„Liever een Grexit dan deze slavernij”
ATHENE. Maandagochtend. Ik ben in het vrijwilligersziekenhuisje van dokter Vichas, dat wereldwijd bekend werd vanwege de hulp aan duizenden patiënten die hun recht op zorg verloren tijdens de Griekse crisis. Een arts steekt zijn hoofd de hoek en zegt: „De overeenkomst is getekend.”
Ik kom de medicijnen brengen die ik via via uit Nederland kreeg. „Alle medicijnen zijn welkom”, vertelde een van de vier vrijwilligers achter de balie me al. Nu kijken ze alle vier naar de arts. „Dus Tsipras is toch gecapituleerd?” brengt de jongste uit. De wat grijzende vrouw naast haar schudt haar hoofd en zegt: „Als ik in zijn schoenen stond, zou ik de vergadertafel verlaten hebben.”
Deze vrijwilligers en de artsen zien dagelijks de rauwe gevolgen van de bezuinigingspolitiek, die vooral op zwakke schouders rust, in levenden lijve voor zich staan. „Ik had nog liever een Grexit gehad dan deze overeenkomst van slavernij”, zegt de arts, die vermoedt dat de stroom onverzekerde patiënten weer zal toenemen, gezien de snoeiharde geëiste maatregelen. In Piraeus werd onlangs een nieuw vrijwilligersziekenhuis geopend. „Een teken des tijds”, zegt hij ongerust.
Ook op Twitter wordt heftig gereageerd op de overeenkomst van de Griekse regering met de schuldeisers.

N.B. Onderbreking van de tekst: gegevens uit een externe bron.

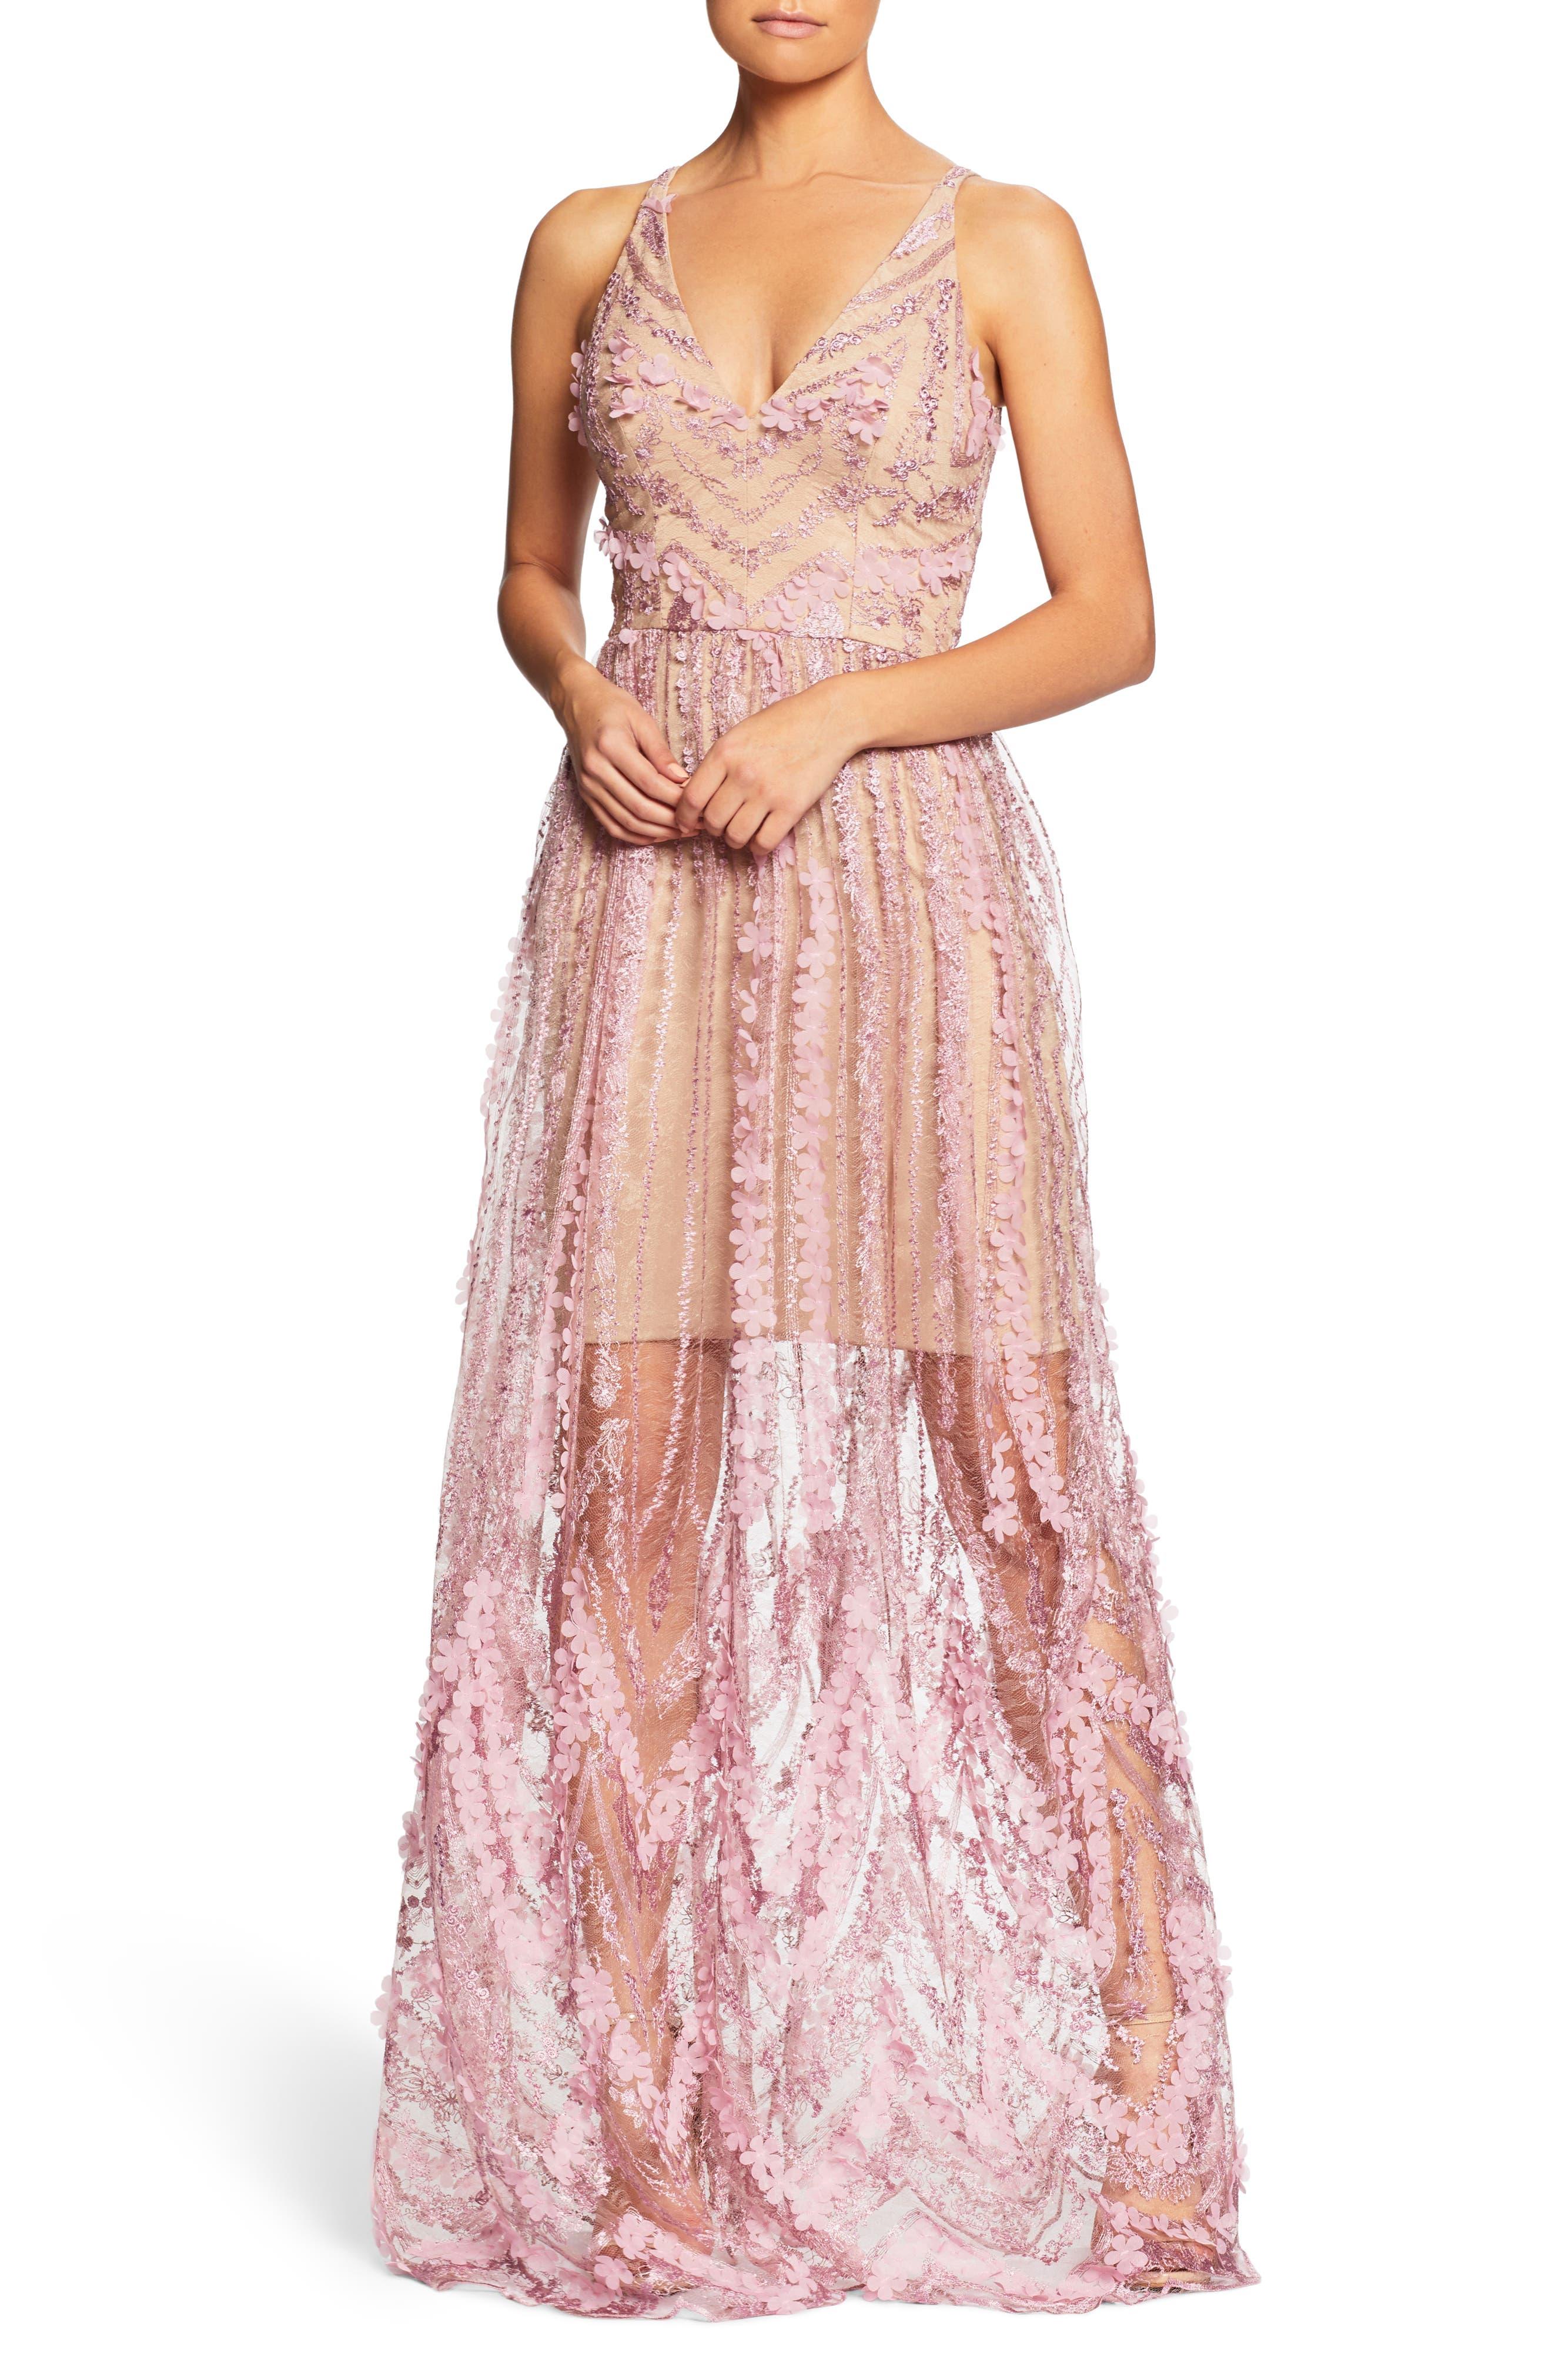 Laila lace panel peplum dress in white

Via de hashtag #ThisIsACoup wordt alle mogelijke kritiek geuit op de harde eisen van de schuldeisers. Vooral Duitsland en minister Schäuble moeten het ontgelden, maar ook de Griekse regering „die een referendum hield en precies het tegenovergestelde deed.”
Kalliopi, dik in de tachtig, komt er rond voor uit: bij het referendum stemde ze voor de nieuwe maatregelen. „Belofte maakt schuld”, vindt ze. En leningen moet je afbetalen, ook „al moet je daarvoor je keel afsnijden”, zoals Grieken het zeggen. Hoewel ze een fervent Pasok-stemmer is, gelooft ze dat Tsipras een integere man is die het beste met zijn land voor heeft. Maar nu hij tot een overeenkomst is gekomen met de schuldheren, is ze vooral verdrietig. „Ik heb de Tweede Wereldoorlog meegemaakt, de bezetting, een burgeroorlog en nu dit!” Kalliopi, werd altijd woedend als iemand de huidige crisis met de bezettingstijd vergeleek. Toch ziet ze steeds meer problemen om zich heen. Ze vermoedt dat het er met de snoeiharde maatregelen niet beter op zal worden.

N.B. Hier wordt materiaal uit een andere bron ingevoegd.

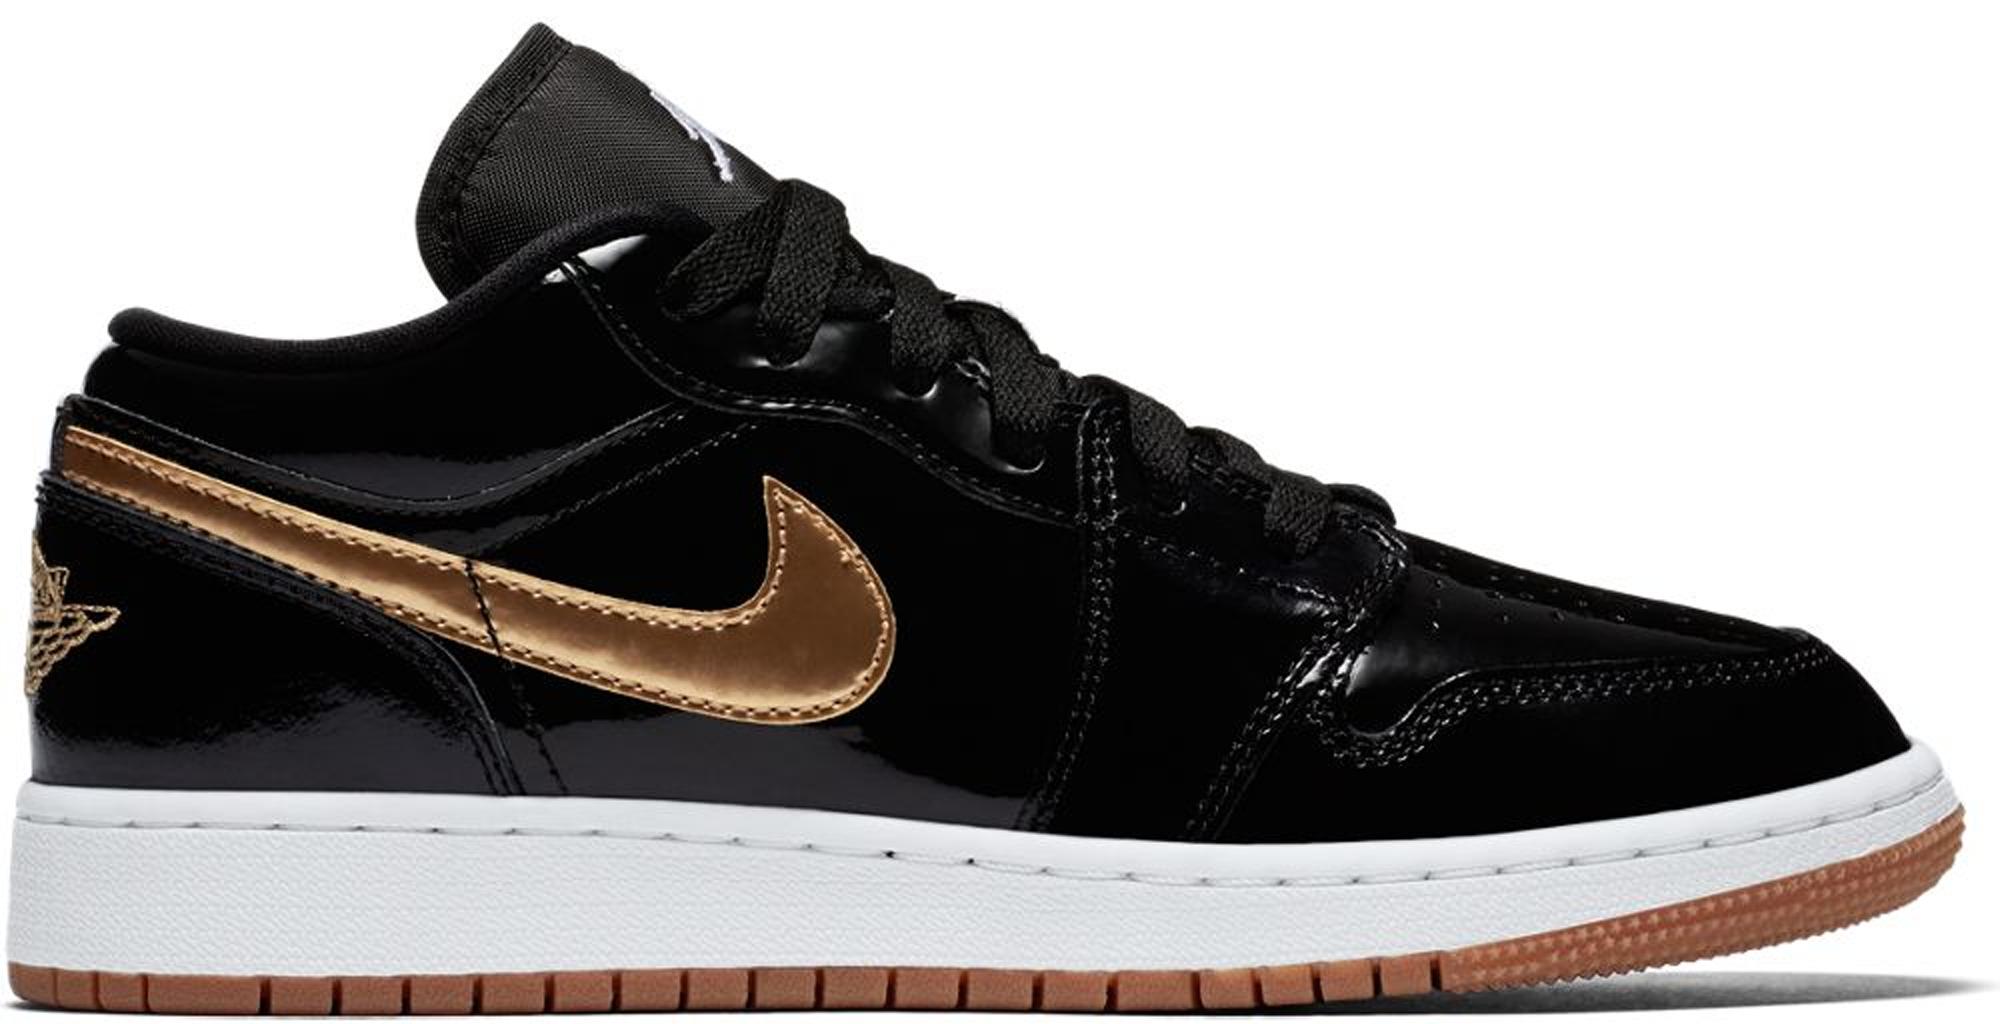 Jordan 1 Retro Low Black Gold Patent

„Dit is geen democratische overeenkomst”, zegt Akis, leraar economie. Toch ziet hij het nu als de enige weg, buiten een Grexit, „want die zou alleen maar chaos brengen.” Akis denkt dat de leenovereenkomst niet eens zo veel verschilt van die van 2010. „Toen werden er ook privatiseringen geëist, alleen zijn die nooit uitgevoerd.” Akis heeft geen bezwaar tegen privatiseringen. „Ik vind het belangrijker dat een bedrijf goed werkt, dan of het een staatsbedrijf is.” De vele hervormingen ziet hij als broodnodig voor het land. „Dat Griekenland mijlenver achterligt in Europa, merk je als je een bedrijf wilt opzetten.” Er moet, zegt hij, een einde komen aan de bureaucratie én de ”fakelakia”; de envelopjes onder de tafel. Waar Akis een hard hoofd in heeft, is de uitvoering van de maatregelen. „We zijn nipt aan een Grexit ontsnapt, maar voor je het weet zijn we terug bij af.”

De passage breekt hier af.